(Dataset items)
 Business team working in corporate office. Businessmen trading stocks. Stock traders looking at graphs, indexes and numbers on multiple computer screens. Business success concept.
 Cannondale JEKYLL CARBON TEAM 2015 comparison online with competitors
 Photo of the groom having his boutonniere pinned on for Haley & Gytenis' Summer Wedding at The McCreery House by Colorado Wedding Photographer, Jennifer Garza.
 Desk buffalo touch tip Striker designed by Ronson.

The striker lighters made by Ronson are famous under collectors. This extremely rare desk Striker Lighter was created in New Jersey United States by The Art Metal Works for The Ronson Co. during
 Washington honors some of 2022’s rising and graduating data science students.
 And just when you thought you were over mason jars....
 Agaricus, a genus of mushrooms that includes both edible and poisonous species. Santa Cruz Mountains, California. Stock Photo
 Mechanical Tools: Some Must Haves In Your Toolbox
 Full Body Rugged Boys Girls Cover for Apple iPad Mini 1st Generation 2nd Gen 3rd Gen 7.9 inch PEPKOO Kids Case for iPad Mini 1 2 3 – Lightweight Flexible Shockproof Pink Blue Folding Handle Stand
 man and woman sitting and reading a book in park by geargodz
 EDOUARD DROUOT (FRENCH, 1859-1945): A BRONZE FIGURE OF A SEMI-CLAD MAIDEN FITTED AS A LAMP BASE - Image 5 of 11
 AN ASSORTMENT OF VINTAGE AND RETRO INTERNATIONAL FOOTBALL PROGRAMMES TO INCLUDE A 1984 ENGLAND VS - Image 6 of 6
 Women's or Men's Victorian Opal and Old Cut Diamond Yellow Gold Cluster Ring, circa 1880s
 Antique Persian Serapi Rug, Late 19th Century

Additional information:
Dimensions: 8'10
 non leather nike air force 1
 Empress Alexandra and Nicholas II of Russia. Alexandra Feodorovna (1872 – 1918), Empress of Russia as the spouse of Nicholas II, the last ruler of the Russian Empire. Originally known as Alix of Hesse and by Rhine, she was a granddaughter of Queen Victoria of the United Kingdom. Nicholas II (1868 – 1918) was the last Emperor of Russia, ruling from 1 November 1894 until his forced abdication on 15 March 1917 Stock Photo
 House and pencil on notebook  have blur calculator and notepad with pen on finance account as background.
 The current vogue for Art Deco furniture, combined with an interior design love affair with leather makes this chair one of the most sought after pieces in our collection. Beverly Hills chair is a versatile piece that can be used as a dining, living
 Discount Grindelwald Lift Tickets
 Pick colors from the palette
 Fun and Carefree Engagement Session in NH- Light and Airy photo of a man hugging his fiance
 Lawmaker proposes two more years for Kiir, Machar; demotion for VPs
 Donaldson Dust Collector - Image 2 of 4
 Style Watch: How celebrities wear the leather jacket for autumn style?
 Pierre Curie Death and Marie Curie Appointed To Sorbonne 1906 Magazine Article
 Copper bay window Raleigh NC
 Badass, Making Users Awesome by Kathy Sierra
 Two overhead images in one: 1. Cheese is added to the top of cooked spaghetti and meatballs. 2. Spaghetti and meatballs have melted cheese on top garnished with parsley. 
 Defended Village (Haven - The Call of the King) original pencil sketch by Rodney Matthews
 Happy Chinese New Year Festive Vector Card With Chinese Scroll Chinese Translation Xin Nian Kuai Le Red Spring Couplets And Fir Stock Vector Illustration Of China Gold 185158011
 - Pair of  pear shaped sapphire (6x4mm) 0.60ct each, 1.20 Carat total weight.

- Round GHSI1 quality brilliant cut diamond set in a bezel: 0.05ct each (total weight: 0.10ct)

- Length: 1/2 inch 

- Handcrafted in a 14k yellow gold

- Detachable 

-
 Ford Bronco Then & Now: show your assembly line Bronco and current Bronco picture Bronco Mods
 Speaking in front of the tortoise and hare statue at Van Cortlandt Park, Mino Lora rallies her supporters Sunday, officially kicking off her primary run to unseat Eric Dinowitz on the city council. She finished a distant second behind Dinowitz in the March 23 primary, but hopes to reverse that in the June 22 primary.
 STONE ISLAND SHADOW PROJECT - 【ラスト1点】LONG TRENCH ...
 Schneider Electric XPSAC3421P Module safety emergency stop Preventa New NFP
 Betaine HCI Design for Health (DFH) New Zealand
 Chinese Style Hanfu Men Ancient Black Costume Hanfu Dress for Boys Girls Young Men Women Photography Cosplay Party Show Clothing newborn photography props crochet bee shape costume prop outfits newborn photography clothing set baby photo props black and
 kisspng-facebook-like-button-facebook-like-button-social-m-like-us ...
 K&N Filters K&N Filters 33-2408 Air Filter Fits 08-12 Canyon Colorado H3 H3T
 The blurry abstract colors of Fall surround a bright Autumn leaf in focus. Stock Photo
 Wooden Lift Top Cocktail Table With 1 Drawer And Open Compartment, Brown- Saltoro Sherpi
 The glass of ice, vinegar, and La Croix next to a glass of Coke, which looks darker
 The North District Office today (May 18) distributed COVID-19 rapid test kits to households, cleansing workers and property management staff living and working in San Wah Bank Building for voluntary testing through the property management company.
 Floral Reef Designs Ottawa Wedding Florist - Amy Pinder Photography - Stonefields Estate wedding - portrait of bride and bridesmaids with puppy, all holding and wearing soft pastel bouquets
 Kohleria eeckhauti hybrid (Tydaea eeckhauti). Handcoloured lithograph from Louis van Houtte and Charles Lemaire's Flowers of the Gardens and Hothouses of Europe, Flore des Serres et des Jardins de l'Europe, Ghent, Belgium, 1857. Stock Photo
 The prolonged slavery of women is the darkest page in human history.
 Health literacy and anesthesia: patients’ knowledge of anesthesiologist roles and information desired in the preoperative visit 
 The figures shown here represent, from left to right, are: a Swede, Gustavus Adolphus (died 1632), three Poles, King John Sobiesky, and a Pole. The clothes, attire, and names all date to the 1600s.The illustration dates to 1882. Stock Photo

> WHAT THIS TASK INVOLVES
Output the first line of the entries above and every line after it, exactly as written, ending with the line that contains "Mechanical Tools: Some".

> THE COMPLETED TASK
 Business team working in corporate office. Businessmen trading stocks. Stock traders looking at graphs, indexes and numbers on multiple computer screens. Business success concept.
 Cannondale JEKYLL CARBON TEAM 2015 comparison online with competitors
 Photo of the groom having his boutonniere pinned on for Haley & Gytenis' Summer Wedding at The McCreery House by Colorado Wedding Photographer, Jennifer Garza.
 Desk buffalo touch tip Striker designed by Ronson.

The striker lighters made by Ronson are famous under collectors. This extremely rare desk Striker Lighter was created in New Jersey United States by The Art Metal Works for The Ronson Co. during
 Washington honors some of 2022’s rising and graduating data science students.
 And just when you thought you were over mason jars....
 Agaricus, a genus of mushrooms that includes both edible and poisonous species. Santa Cruz Mountains, California. Stock Photo
 Mechanical Tools: Some Must Haves In Your Toolbox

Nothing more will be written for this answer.